The more I have talked about what I’m doing, the more people say things that make it clear that they have their own ideas and fantasies about this big trip. Mostly, these are untrue ideas. And, they seem to be committed to these dreams, regardless of my efforts to clarify. Even so, here are the top 10 myths people have about my travels (and a tiny bit of reality).
10. Europe = France
France wasn’t even on my original plan. I only ended up going there because I had a lovely invitation from a friend. Europe contains a lot of other countries. Many of which I am more interested in visiting than France.
France is fine. It’s just not at the top of my list.
9. France = Paris
When I was in France, people kept telling me to visit things that were near Paris.
I was over 450 miles away from Paris — so, um, no thanks.
8. Working Abroad = Taking a Sabbatical
I wish. No, I’m not on a 6-month vacation. I’ll be working the entire time I’m traveling.
7. Being in Europe = Seeing Every Single Landmark
Well, as I mentioned in #8, I’ll be keeping a regular work schedule, so I couldn’t possibly have enough time to see every tourist attraction on the continent. Additionally, I hate crowds and waiting in lines. So, while I expect to check out some things, I really don’t feel the need to pull out a guide book and make a to-do list.
6. Traveling to Europe = Falling in Love with an Exotic Stranger
Right. As if this is the easiest thing in the world to do. I have lived in the United States for 40 years and have never fallen in love. So, why would Europe be any different? Is there some sort of European love magic that I don’t know about? Will a hunky man — who is perfectly suited to me — drop right in front of my face? Um, I doubt it.
(Having said that, the men in Spain are ridiculously gorgeous,
so I would not likely run in the opposite direction, if one of them tried to talk to me.)
5. Traveling = Lying on the Beach All Day
While that sounds great, it’s not really possible, because — it’s winter. Yes, Europe has winter. The way I see it, it needs to be 78 degrees or warmer for me to hang out on the beach. I have only had one or two days where temperatures were above 70 (and only after I got to Spain), so it’s really not the right time of year for that fantasy. No umbrella drinks and suntan on this trip. I will have to do better next time.
4. Busy Schedule = You Really Are Taking a Sabbatical
Many clients and potential clients seem to think that if I can’t fit in their work, it’s because I’m sitting at a sidewalk café, eating a croissant, and making eyes at a euro-hottie — not because I have a ton of other work that I’ve already committed to. They are wrong. I’m working just as much as (actually, more than) I do when I’m at home.

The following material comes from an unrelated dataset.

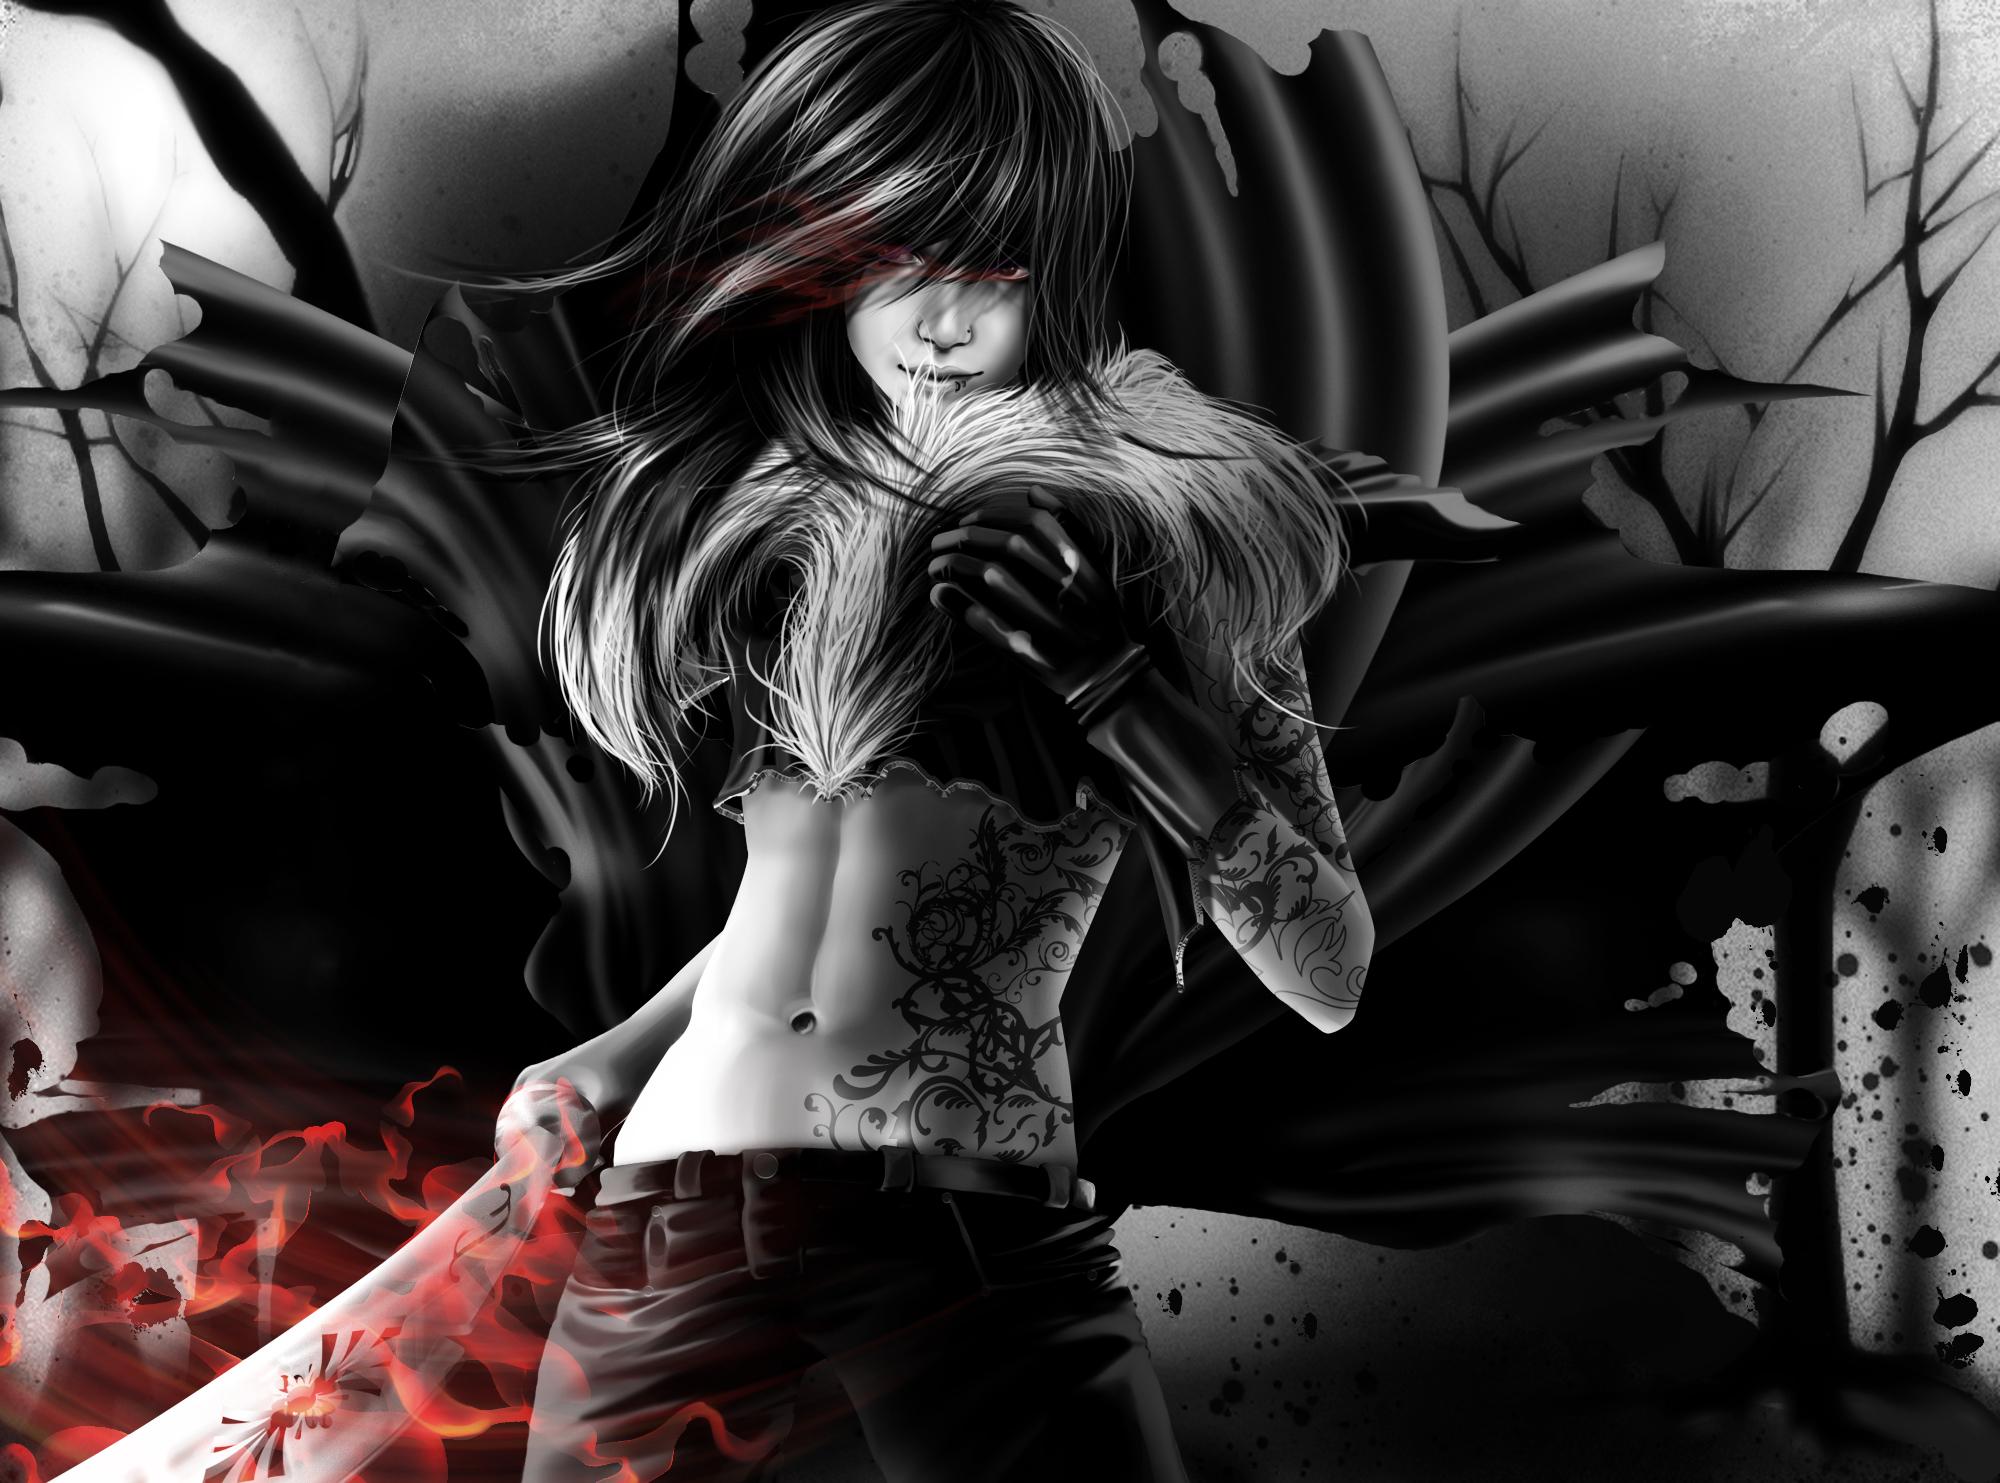 Art vampire vampire girl sword black and white tattoo ...

3. Traveler = You’re Writing a Book
No, I’m really not. If I don’t have time to write a book in Atlanta (which I do not), then I’m not going to magically have the time while traveling. Newsflash: Elizabeth Gilbert got paid, in advance, to write Eat, Pray, Love. (In other words, THAT was her job.) I have no such deal. (I am open to the idea, though, if someone wants to send me someplace cool, I’ll happily write about it.)
2. I Know You = I’ll Love What You Love
Somehow people think that everything is amazing. I do not. Lots of things are great. Most things are not a must see. I got just as excited to see West Side Provisions (Atlanta place I’ve been) in a Jason Bateman movie as I did to see Big Ben (London place I’ve been) in Twilight. The experiences I like are simple and pretty much never, ever (ever) include a crowd or a tour guide. Thanks for the advice, but I’m just going to keep it simple.
1. Travel = The Glamorous Life
Not everything is perfect when you’re traveling. I’m not rolling like a movie star over here. So, while I completely recognize that when you’re the one at home, it can seem quite flashy for me to be off running around all over Europe, the reality is that there are regular challenges, ups and downs, good and bad – just like everywhere.